Objectives: The objectives of this study were to assess the prevalence of ciprofloxacin-resistant gonorrhoea in two South African cities and to investigate the association between the isolation of ciprofloxacin-resistant Neisseria gonorrhoeae and the HIV serostatus of patients.
Methods: Gonococci were cultured from endourethral swabs taken from consecutive men with urethritis attending clinics in Johannesburg and Cape Town. Minimum inhibitory concentrations (MIC) for ciprofloxacin and ceftriaxone were determined with E-tests. Isolates with a ciprofloxacin MIC of 1 mg/l or greater were defined as resistant and isolates with a ceftriaxone MIC of 0.25 mg/l or less were defined as susceptible. Rapid tests were used to screen and confirm the presence of HIV antibodies. Survey data from 2004 were used as a baseline to assess trends in gonococcal resistance to ciprofloxacin.

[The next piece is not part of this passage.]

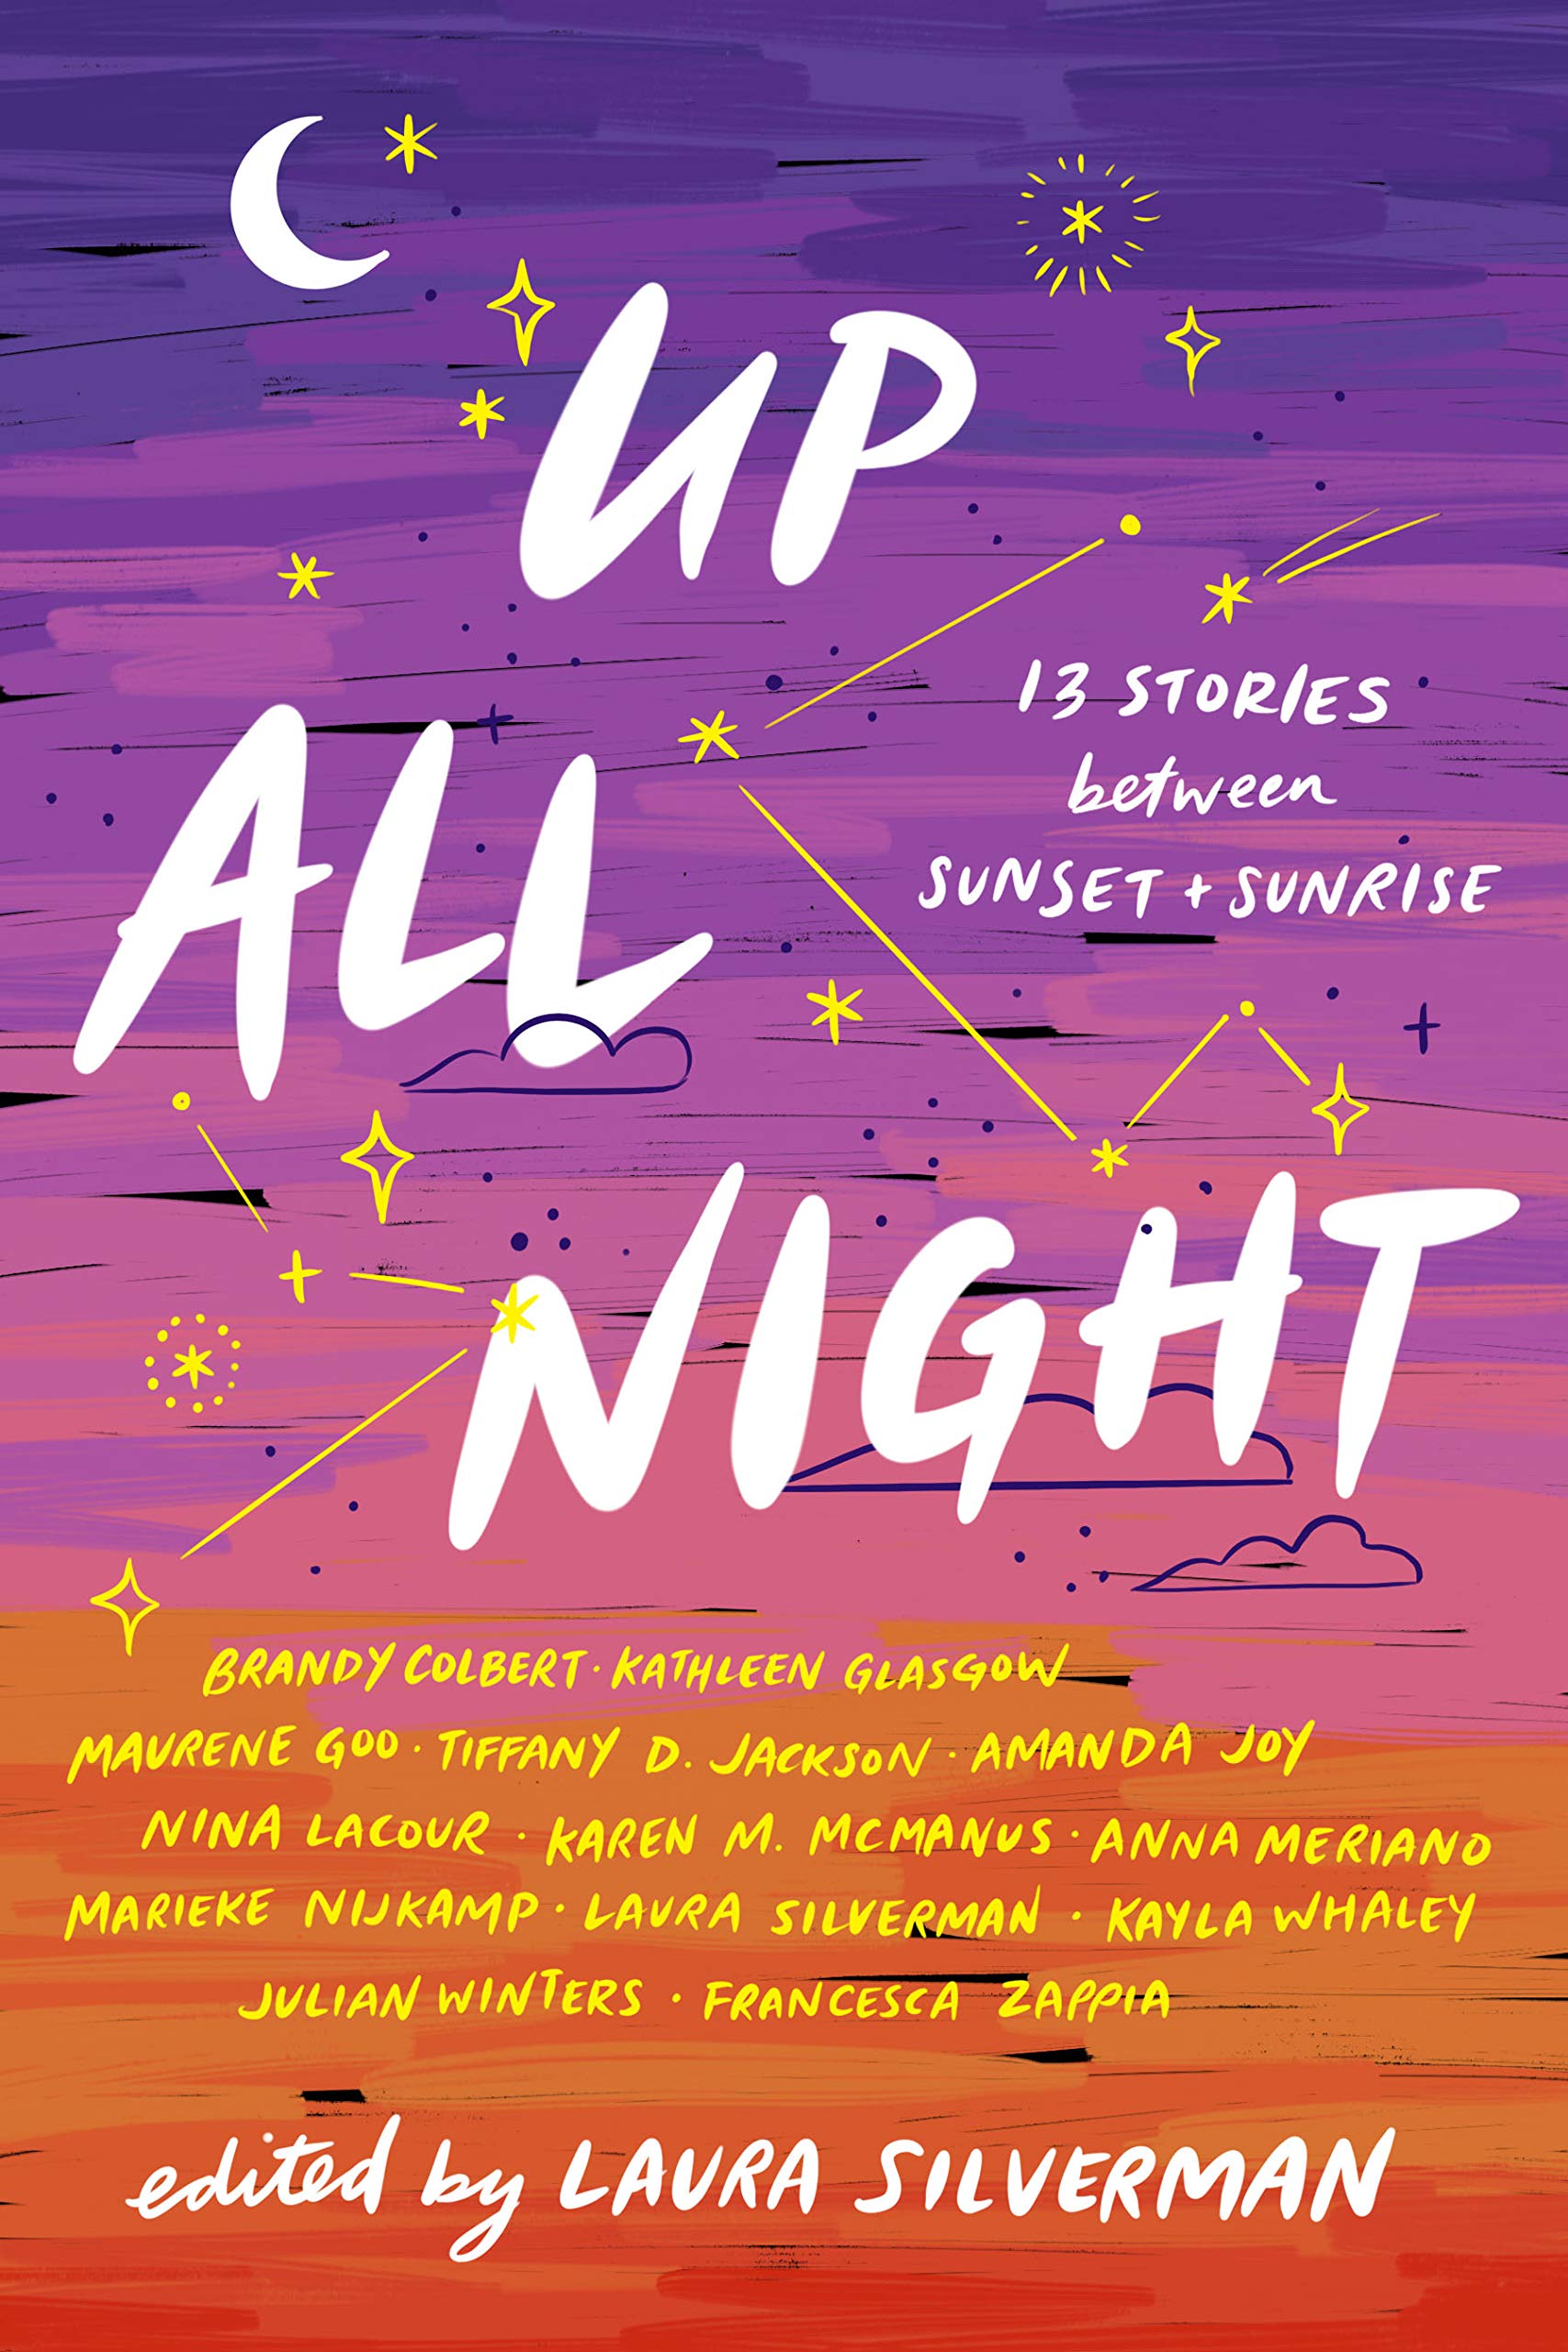 Up All Night: 13 Stories Between Sunset and Sunrise
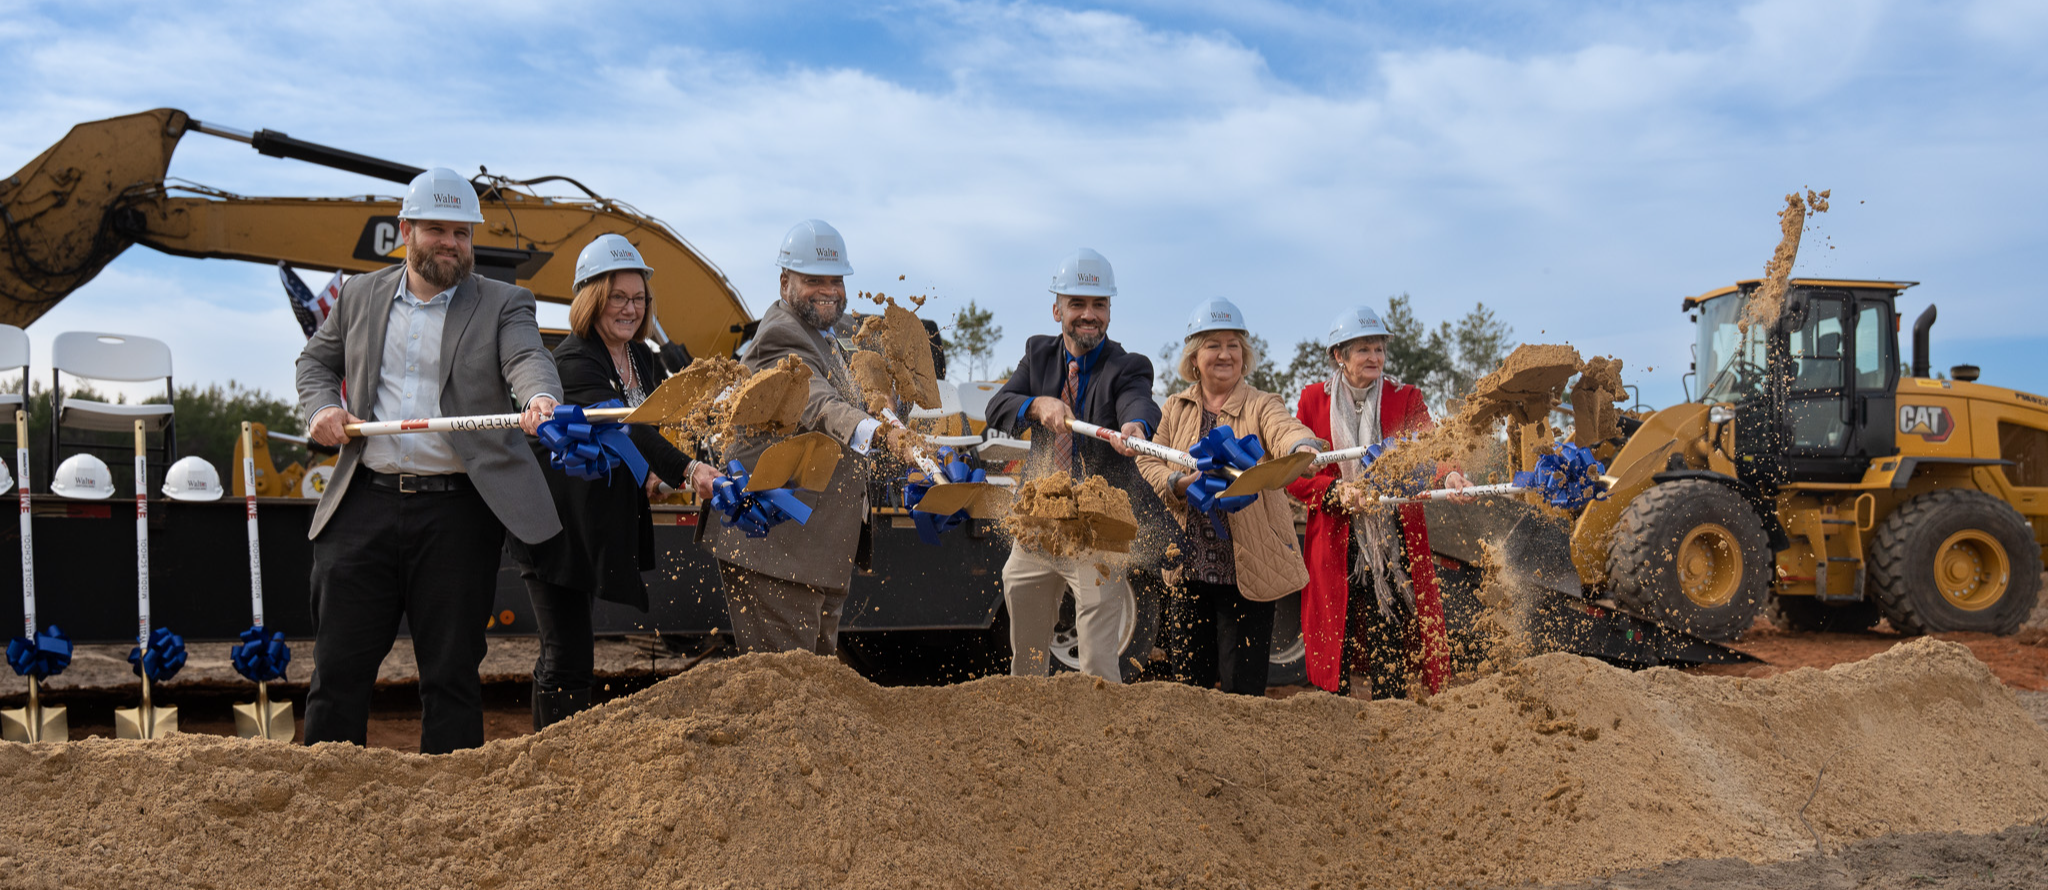 Superintendent Hughes and board members breaking ground on a new construction site, smiling in their hardhats as they lift their shovels

Results: In 2004, the prevalence of ciprofloxacin resistance was 7% in Cape Town and 11% in Johannesburg. In 2007, 37/139 (27%) Cape Town isolates and 47/149 (32%) Johannesburg isolates were resistant to ciprofloxacin; in comparison with 2004 data, this represents 2.9-fold and 1.9-fold increases, respectively. All isolates were fully susceptible to ceftriaxone. There was a significant association between HIV seropositivity and the presence of ciprofloxacin-resistant gonorrhoea among patients (p = 0.034).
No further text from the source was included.